Таня плачет, мать ее успокаивает:
– Не перечь отцу, дочка! Стерпится – слюбится!
– С кем слюбится?! С Ванькой?! – с тоской в глазах переспросила дочь. – Ты сама веришь, в то, что говоришь?..
– Живут люди… и похуже…
– Пусть живут, коли деваться некуда. А я не буду! – отрезала Таня и показала характер: – Чем так жить – удавлюсь!
– Бог с тобой! – в страхе перекрестилась мать. – И думать не моги! Бог дал жизнь – Бог возьмет! Грех это великий – на себя руки накладывать!
Какими бы ни были отрицательные эмоции Татьяны, да против отцовской воли не пойдешь. Нависла над девушкой угроза пагубной зависимости, и изменить ее мог лишь только случай.
А Ванька Петров уже на следующий день приперся за ответом. Лихо проскакав на Воронке беглой рысью по улице, представитель власти остановился у ворот Кузнецовых, браво спешился, накинул на штакетник уздечку и без стука открыл ворота. Ванька не сомневался в успехе задуманного дела, уже считал себя женихом Татьяны, хозяином зажиточного хозяйства, – что скажу, то и будет! – а работают пусть другие.
Николай Власович живо выскочил на крыльцо, лишь бы Ванька лишний раз в дом не входил, табачной мерзостью стены избы не захламлял. После вынужденного приветствия, оба сели на ступеньки для объяснения.
– Что, Власыч, надумал? – уверенно, с нескрываемой усмешкой спросил Ванька.
– Надумал, – ответил тот.
– И что?!
– Согласен.
– Отдаешь за меня Татьяну?
– Отдаю…
– Вот и славно! – радостно воскликнул Ванька, протягивая будущему тестю руку для пожатия. – Давно бы так! А то противился, как бык перед заколом!.. (Эти слова Ванька высказал специально, придумал давно и хотел унизить, надавить на хозяина дома, сразу давая понять, кто тут будет главный.) А оказалось-то все очень хорошо! Да не переживай ты, Николай Власович! Не пропадет со мной твоя дочь, будет жить, как у Христа за пазухой! – и засмеялся поднимаясь. – Однако поехал я, некогда мне. А для первого знакомства пошли ко мне домой сейчас Татьяну, пусть придет. Да не бойся ты: я человек честный, до свадьбы ни-ни. А придет пусть так, поговорим, может, в доме приберет, – усмехнулся, – надо же друг к другу привыкать! А то какая-то она у вас дикошарая: как увидит меня, убегает… – и пошел к воротам, – так я жду!..
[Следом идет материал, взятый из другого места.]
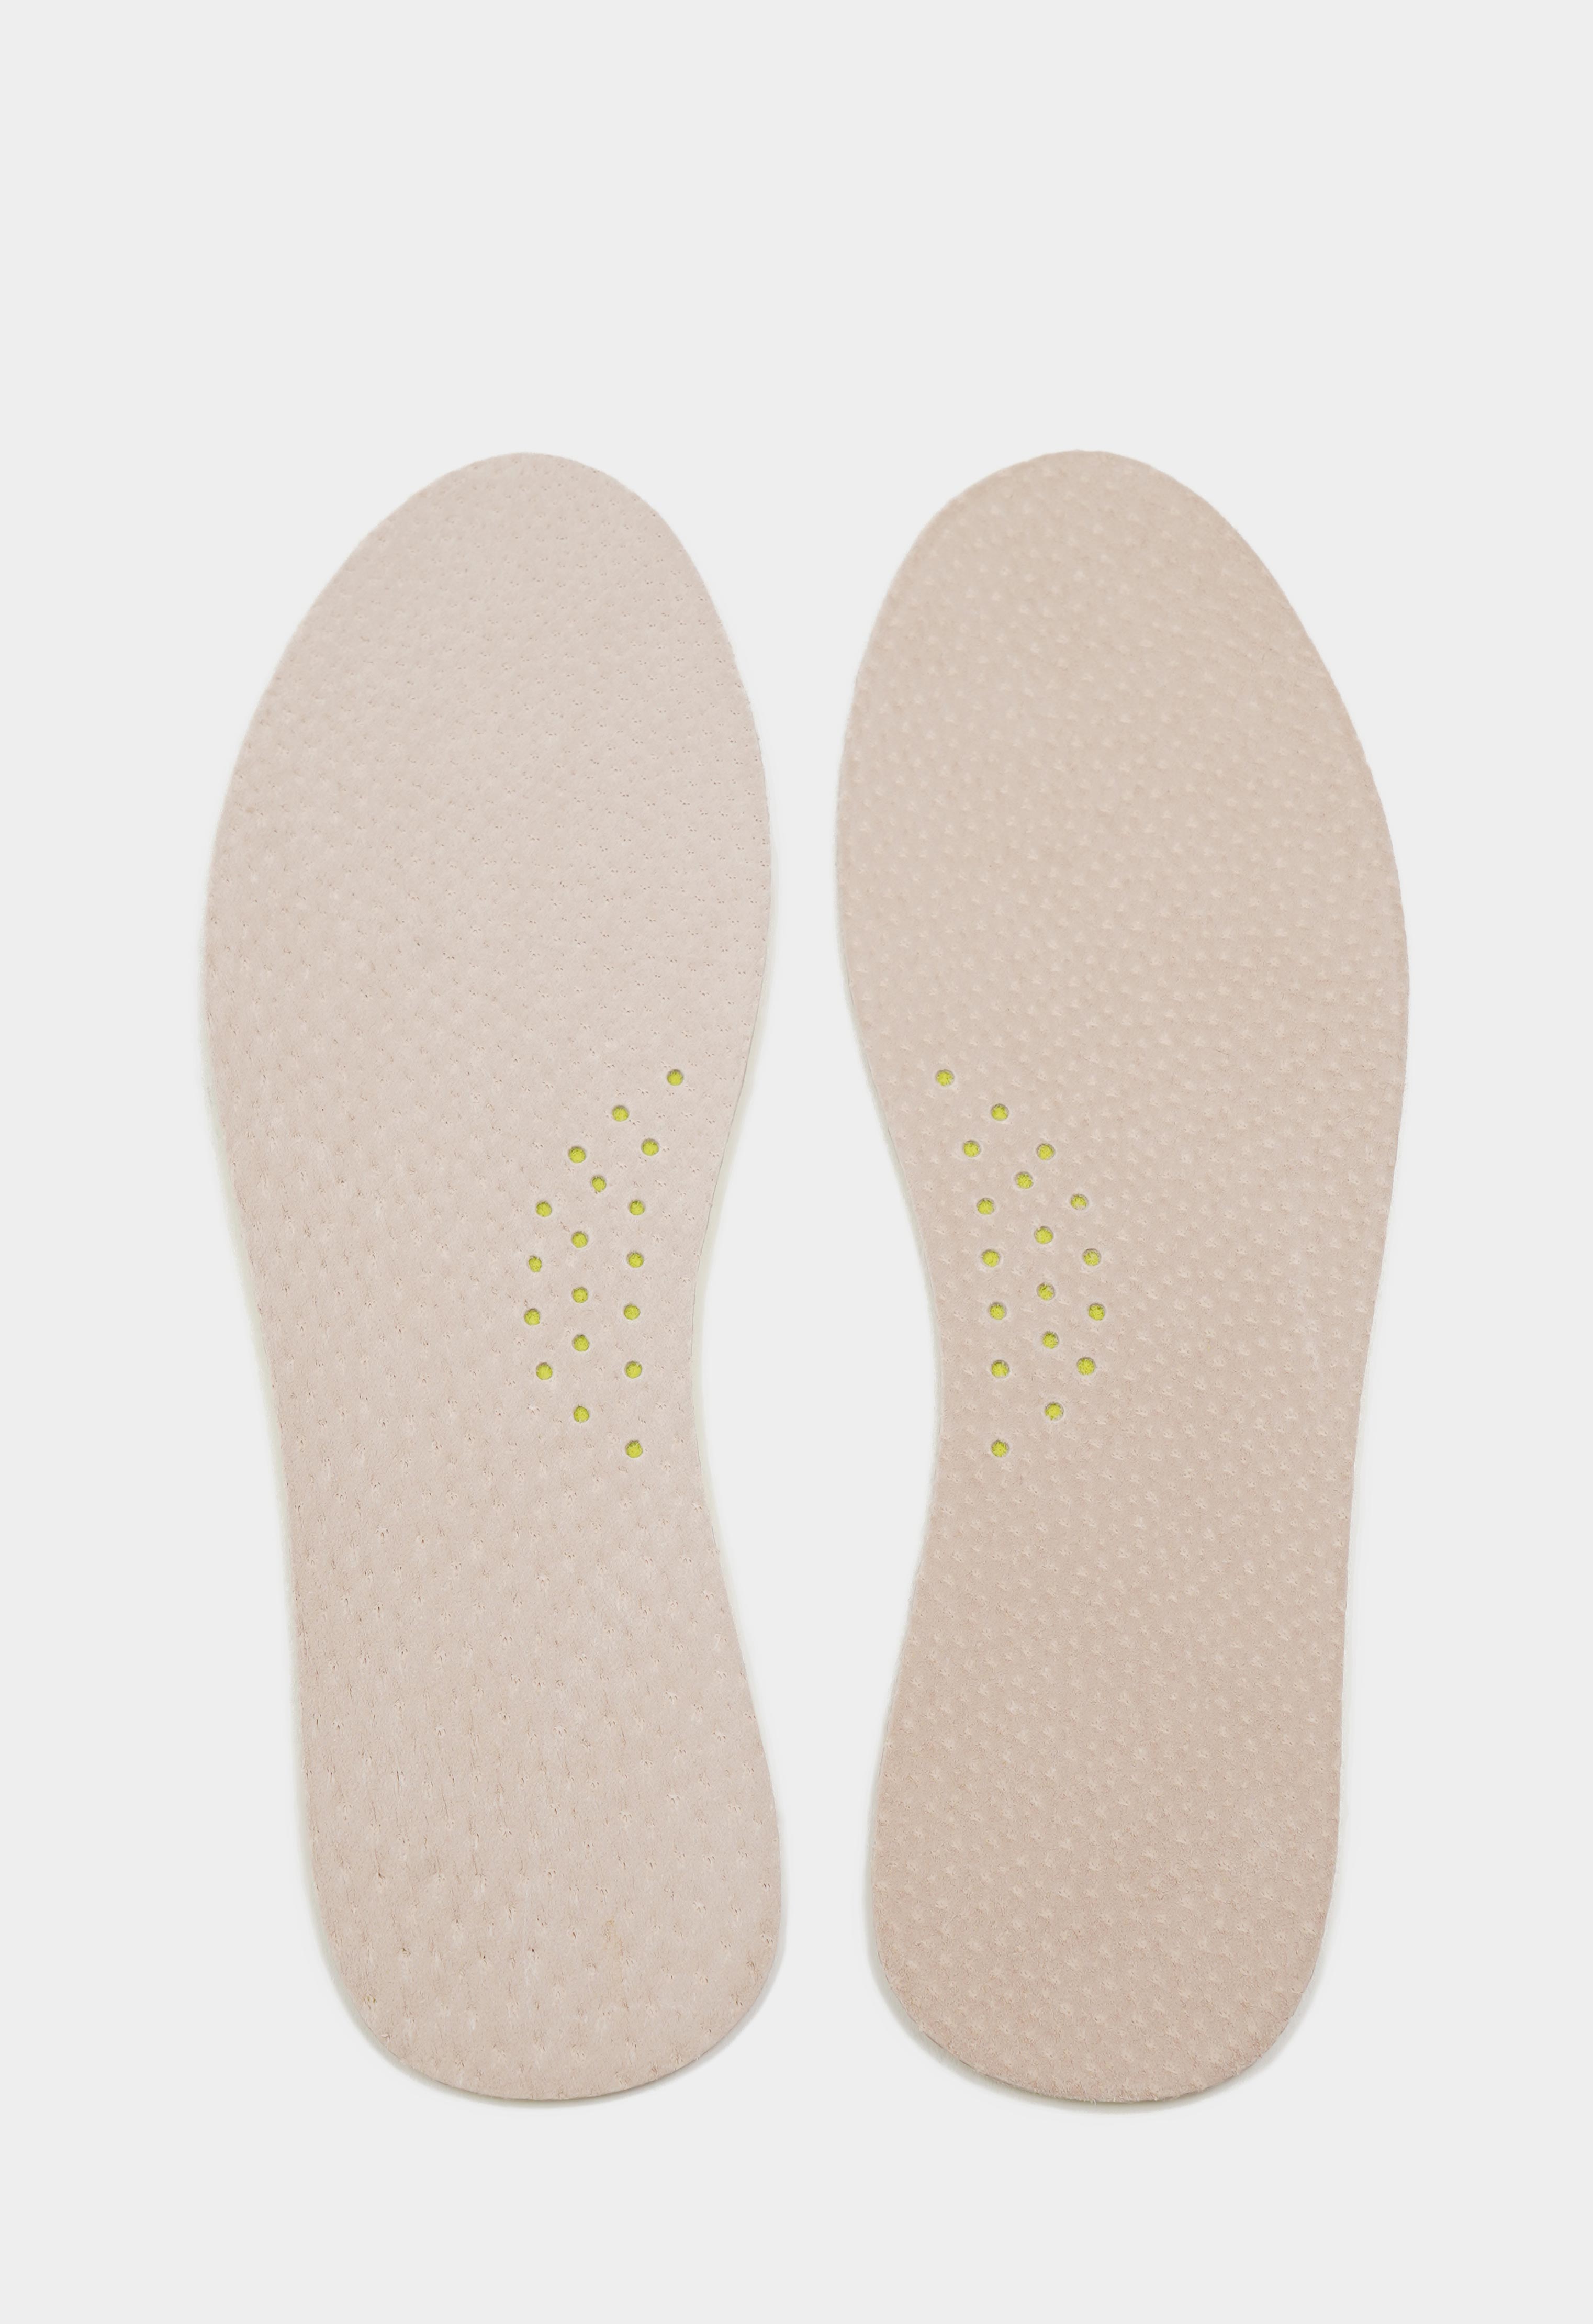 Уход за обувью 20-8958 TARRAGO - Стельки LEDER FOAM, натуральная кожа/пеноматериал, р.39/40 уход за обувью 20 8955 tarrago стельки pecari carbon натуральная кожа латекс р 35 36

Уехал Ванька. На черном, игривом Воронке. А у Николая все в груди кипит, бурлит, из сжатых кулаков вода капает: «Эх, и сучонок! Что ты знаешь о Боге?! Знал бы, что все так будет, взял грех на душу, утопил еще тогда в реке, когда с ворованными сетями поймал. Впрочем, и сейчас не поздно… да нет, сразу все поймут, не то время, видно, куда ниточка тянется. Жалко Татьяну, да что поделать? Слишком все далеко зашло… видно, свадьбы не избежать… Как же Погорельцевы? Надо будет извиниться, поймут, умные люди. Жалко Маркела, хотел его своим зятем видеть. А может, все потом изменится, придет другая власть, Ваньку сметут… Татьяна свободной будет! Тогда… А что тогда? Кому потом девка порченая нужна?!»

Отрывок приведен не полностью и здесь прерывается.